Furthermore, in many cases both features were combined within the
same glycan structure which, to the best of our knowledge, is uncommon
for cancer-related phenotypes or CEA glycosylation features.[29] Notable differences in antennarity between primary
colon carcinoma (CEA1 and CEA2) and metastatic tumor tissue (CEA3)
samples were found on sites N204/560, N375,
N466, N650 and N655 (Supporting Information, Figure S4). Peculiarly,
while it is typical for mammalian cells to terminate GlcNAc residues
with galactose units, the detected highly branched tetra-antennary
structures often had their antennae only partially occupied by galactose
(i.e., incomplete galactosylation), indicating lowered levels of substrate
or β4GalT enzyme dysregulation. Similar findings of lowered
galactosylation in tumor-associated CEA N-glycome
were obtained before, by lectin microarray analysis, and the authors
speculated about its role in immune response involving CEA.[53] The same study also reported overall increased
levels of GalNAc in tumor-associated CEA, which could also explain
and/or contribute to undergalactosylation of antennae. Alongside with
high branching, CEA N-glycans showed proclivity toward
(poly-)LacNAc elongation on highly branched structures, which is also
a known CRC feature associated with poor prognosis.[48] This signature difference between primary and metastatic
samples is the most notable in the most distal part of CEA sequence
(sites N650 and N655) and is not reflected much
along the other sites.Sialylation changes are commonly found
in cancer biology and have
potential for diagnosis and therapy.[54−56] Particularly, increased
sialylation has often been associated with cancer invasiveness, and
elevated serum total sialylation (TSA), and particularly high level
of sialylation were found for liver metastases.[57,58] Induced by dysregulation of sialidases and sialyltransferases aberrant
NeuAc patterns play a role in immune evasion and cancer associated
inflammation.

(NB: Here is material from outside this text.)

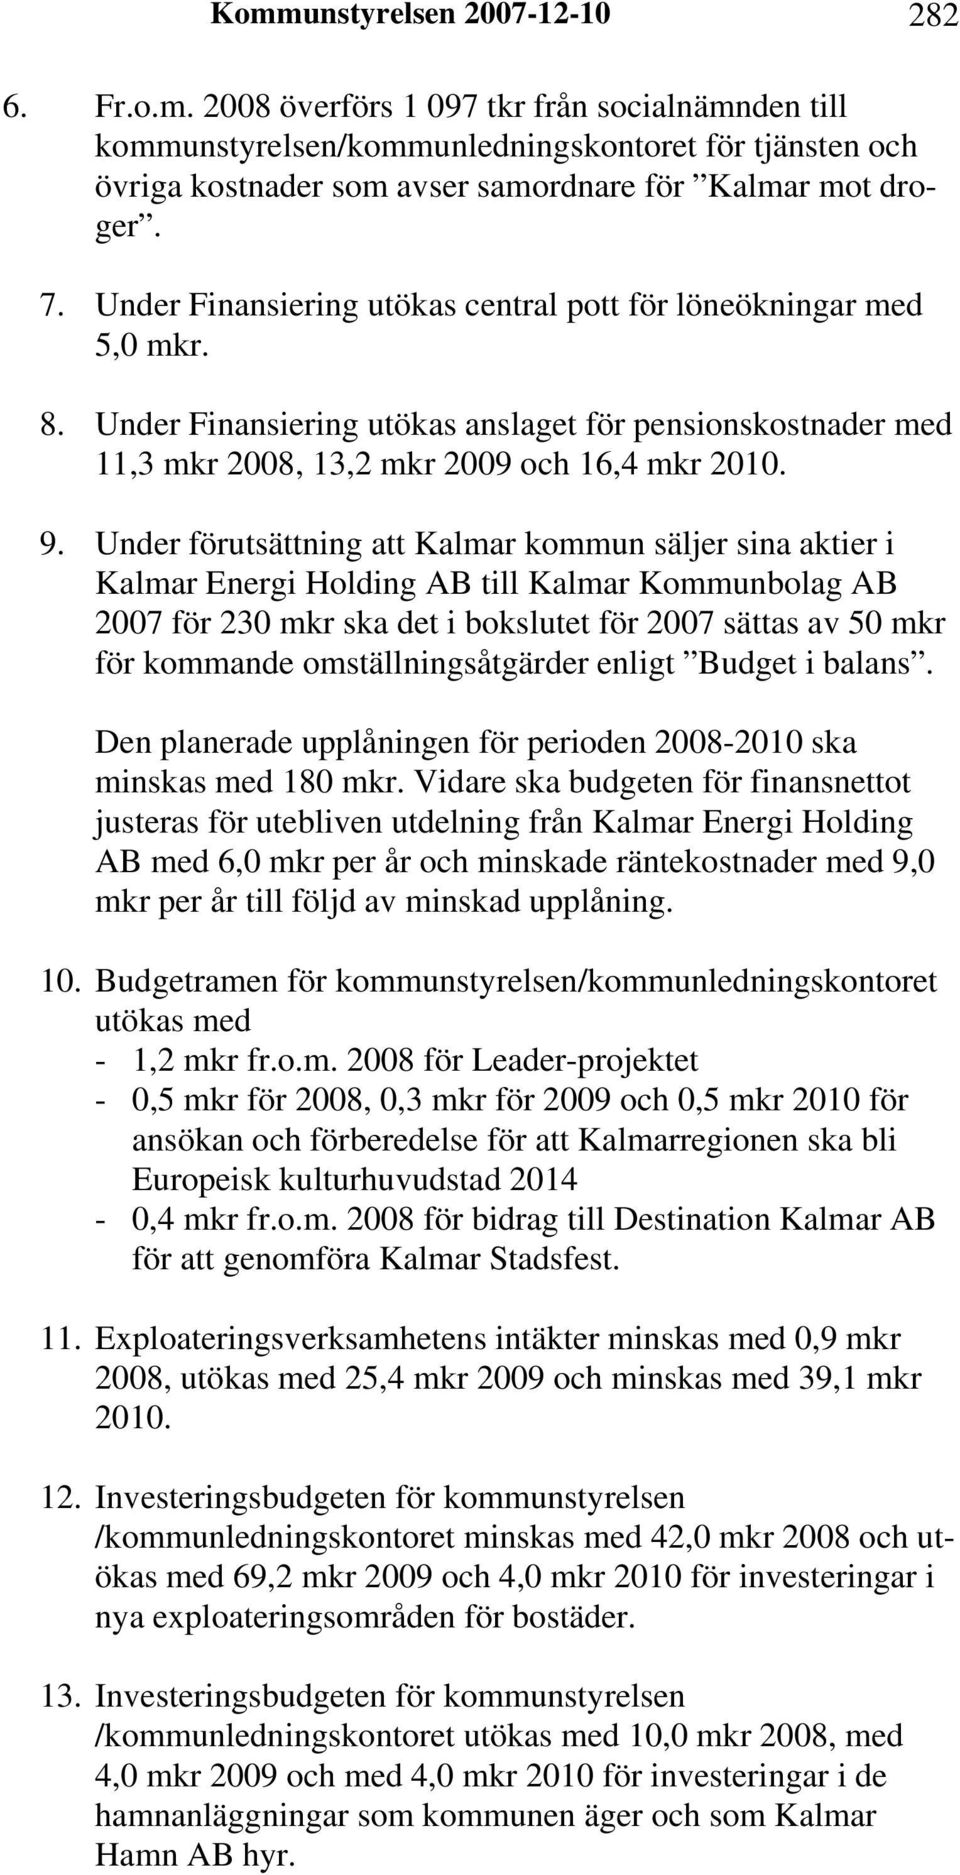 Under förutsättning att Kalmar kommun säljer sina aktier i Kalmar Energi Holding AB till Kalmar Kommunbolag AB 2007 för 230 mkr ska det i bokslutet för 2007 sättas av 50 mkr för kommande
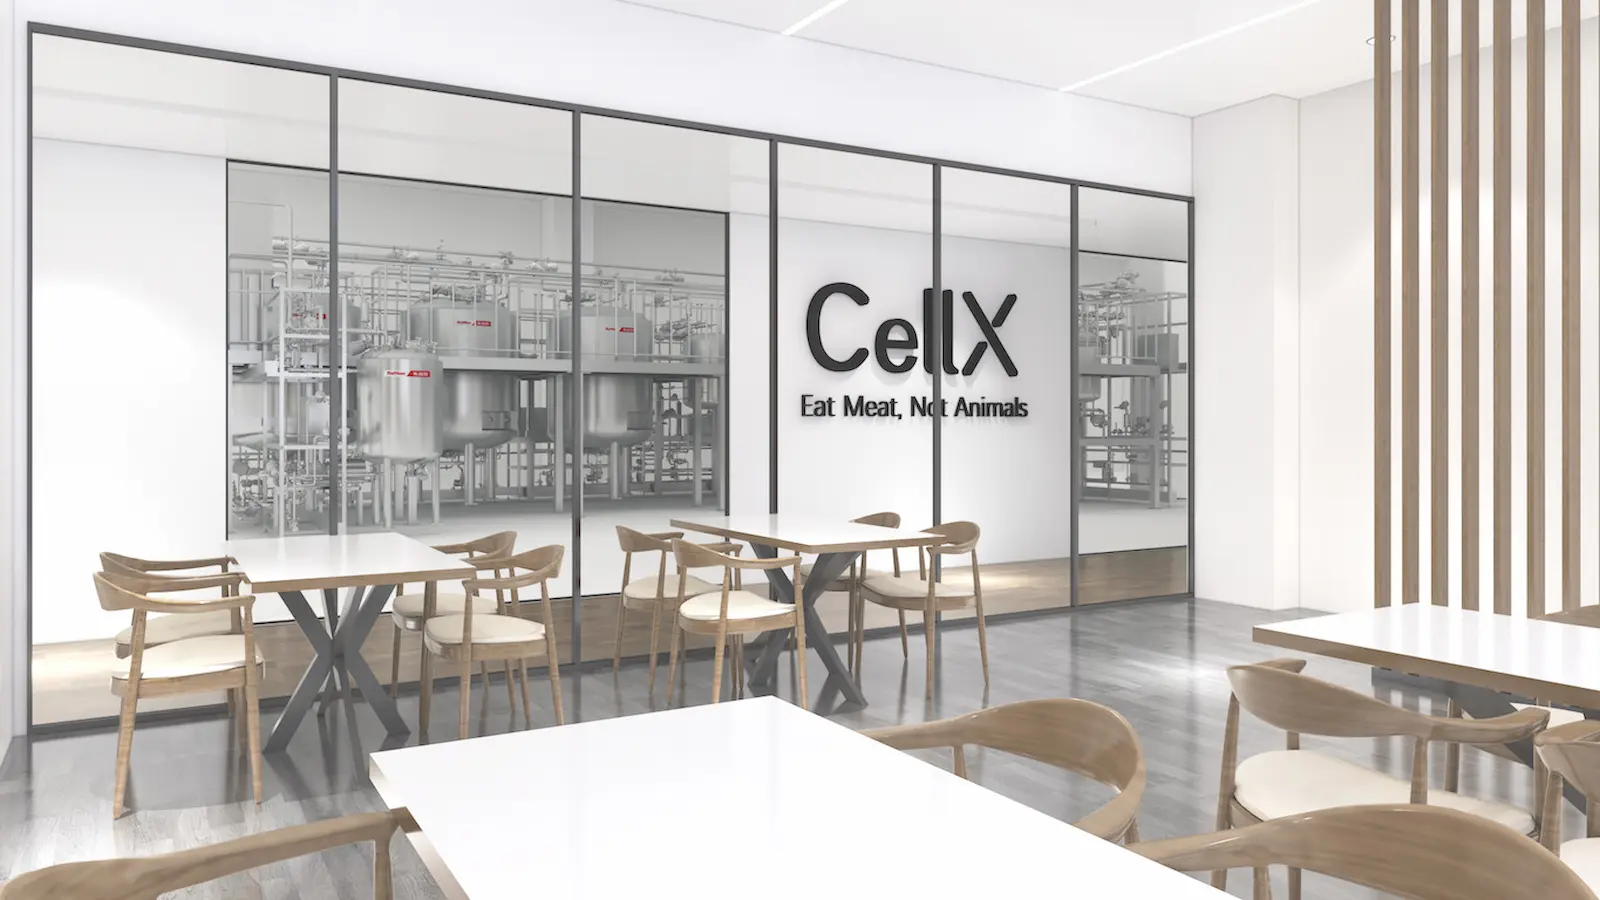 CellXの新工場イメージ

CRC is no exception, as increased sialylation is shown
to contribute to postoperative recurrence,[59] therapeutic resistance and metastatic spread.[60] The CEA samples exhibited an overall moderate degree of
sialylation (even highly branched N-glycans never
harbored more than two NeuAcs), while elevated sialylation levels
were found for the CEA3 sample on sites N204/560, N375, N580, N650, and N665 (Supporting Information, Figure S4). Total sialylation
was rather in line with complex-type sialylation levels indicating
low contribution of hybrid-type N-glycans in the
overall sialylation pool. NeuAc modifications (e.g., methylation,
acetylation and sulfation) were not included in the scope of this
work. It is also worth mentioning that NeuAc linkage isomers (α-2,3
and α-2,6 and α-2,9 variants) were proven to be an important
discriminatory trait in several cancers, including CRC.[60] In this study, no NeuAc linkage information
could be obtained, but, acknowledging the importance of the trait,
experimental considerations for linkage specificity evaluation will
be included in follow-up research.Amid the glycan traits discussed
above and illustrated in Supporting Information, Figure S4, fucosylation
was the most striking feature of the CEA N-glycome
in the analyzed samples. Aberrant increase in fucosylation—arising
from a large pool of GDP-fucose donors, abnormal expression of enzymes,
and substrate availability—is reputed to be a red flag in many
oncological diseases (brain, colorectal, breast, liver, lung, and
other cancers) and it is involved in multiple stages of cancer biology
(proliferation, survival, multidrug resistance, invasion and metastasis)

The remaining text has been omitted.